The face of the Indian production industry, which changed into already suffering with terrible
control and a loss of monitoring of its labour force, misplaced its critical rein absolutely as
COVID-19 unfold throughout the sector in April 2020
The Pandemic disrupted the price chain gadget in numerous factors and scales. Construction
material availability and cost inflation have become farther more important issues. The loss
of well-timed execution because of lockdowns contributed to value overruns, giant delays or
even the cancellation of tasks. The cancellation and stalling of tasks without delay impacted
the MSMEs (micro, small and medium enterprises), a lot of which had been compelled to
shut-down, save costs or cut down on operations. This have become mainly stressful for the
reason that production quarter frequently accommodates small-scale specialty production
corporations and layout studios. In the midst of the pandemic fuelled chaos of this already
hard to view and hard-to-manage industry, client sentiments fell, and the sector's demand-
intensive nature introduced additional stress.
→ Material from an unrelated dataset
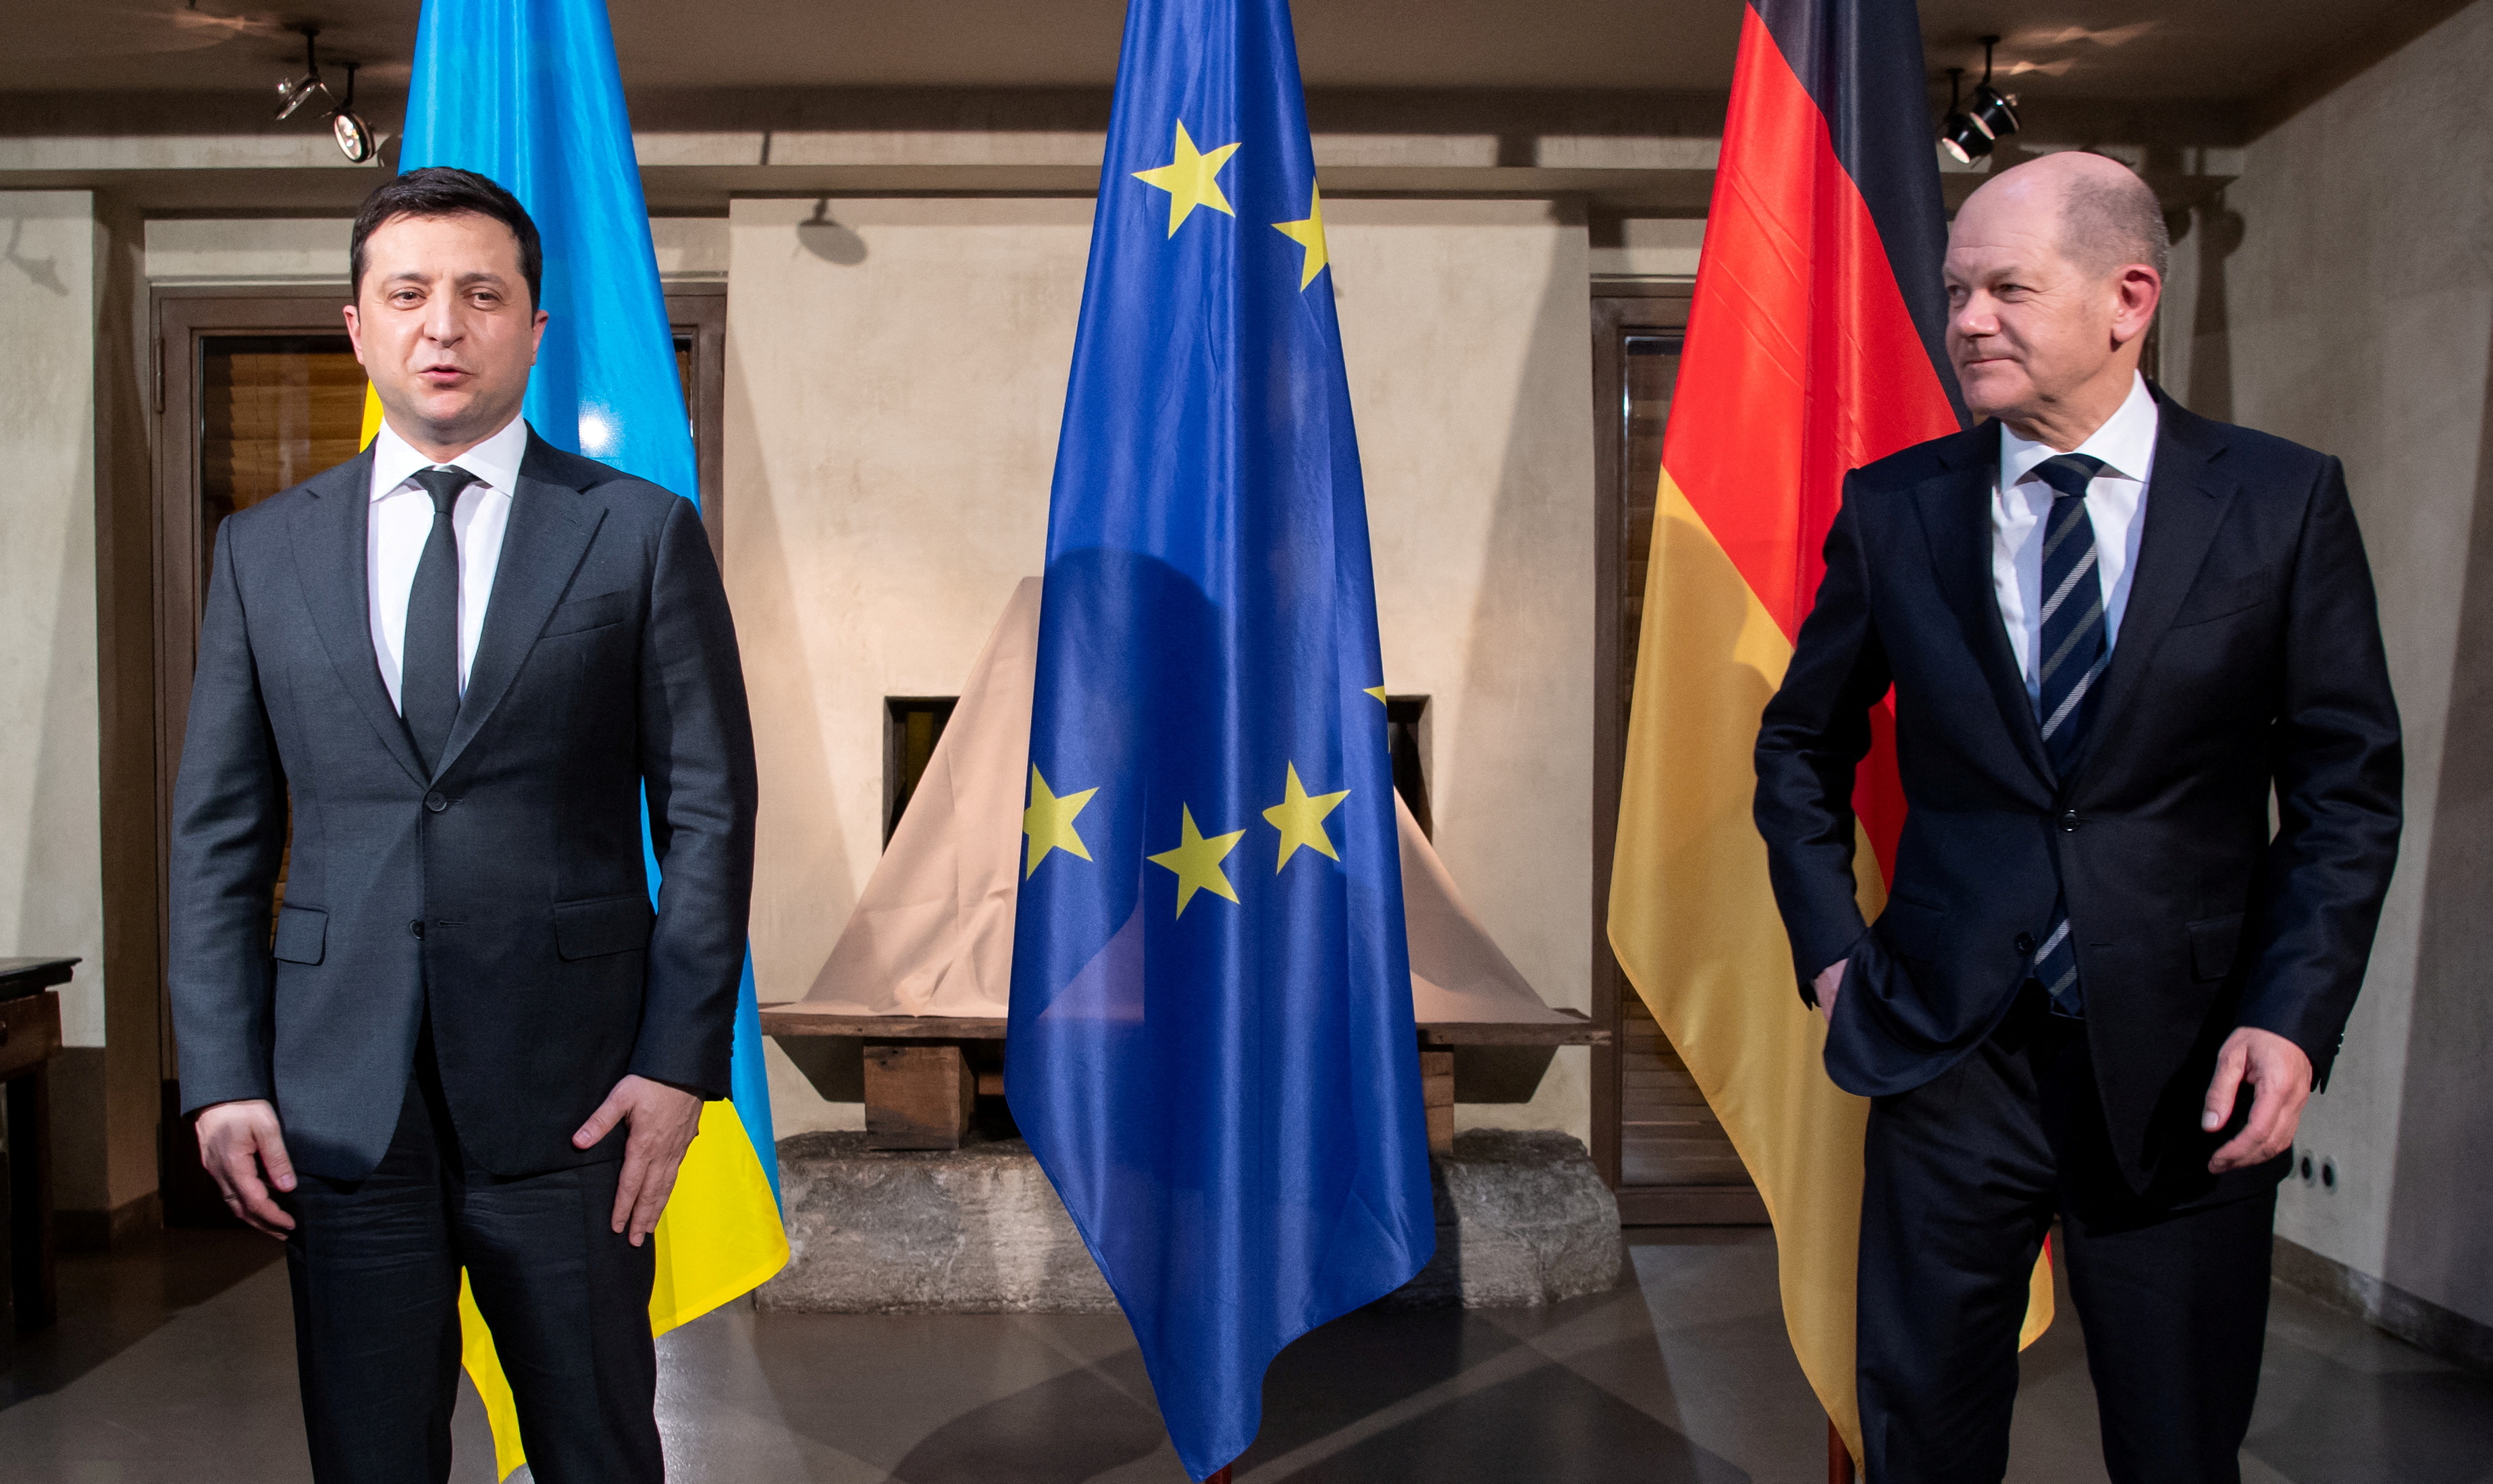 FOTO DE ARCHIVO: El canciller alemán, Olaf Scholz, se reúne con el presidente de Ucrania, Volodimir Zelensky, durante la Conferencia de Seguridad anual de Múnich, en Múnich, Alemania, el 19 de febrero de 2022. Sven Hoppe/Pool vía REUTERS

The Reason for this is described with the following points below:

Supply chain management


The supply chain has been disrupted in various ways in different parts of the world.
Various construction materials are necessary but for the pandemic these do not reach the site
from the outside which hinders the construction work. The various materials that come from
different factories in the country or abroad through different vehicles for construction work,
these things could not come. Not all vehicles can come to the sites thus due to the lack of the
required materials, so work is stopped. Not only has this shut down the construction industry,
but it has also damaged the livelihoods of those who transport these items in vehicles, and the
factories that produce all of these materials are also losing a lot of money because they don't.
are not sold.
Transportation problem
All transportations in the country have been disrupted due to lockdown in all parts of the
country. That’s why no materials are arriving in the construction sector and no workers are
able to come to work from their home. That’s why the work has stopped.

Labor shortage
First, workers cannot get to their workplace because the transportation system is completely
closed. Second, the disease is caused by viral infection, so workers are more likely to spread
the disease when they come into contact with each other. Therefore, many workers do not
want to come to work. In addition, it is not possible to make workers work without any
protection.

Financial problem
The companies do not make any profit due to the interruption of work in the companies and
on the contrary they suffer more losses and not only the company loses money but also all the
suppliers who provide the necessary materials for several companies to use in the
construction industry, all of these suppliers also suffer huge losses.Since the company closed,
the supply chain has been shut down and factories that produce goods have stopped
production, causing many losses. In addition, due to the non-sale of factory-made products
and the closure of the construction sector, the government is not able to collect the
appropriate taxes from all of these places, which has a direct impact on the country's GDP
and when the country's GDP falls, affects the world economy.

Unemployment
Companies are suffering enormous economic losses as a result of this lockdown. This is why
companies are unable to pay their employees adequately and the company is laying off many
workers. Because of this, many jobs were ripped off. Their families are also going through
many hardships due to the loss of their jobs.In short, a worrying situation arose.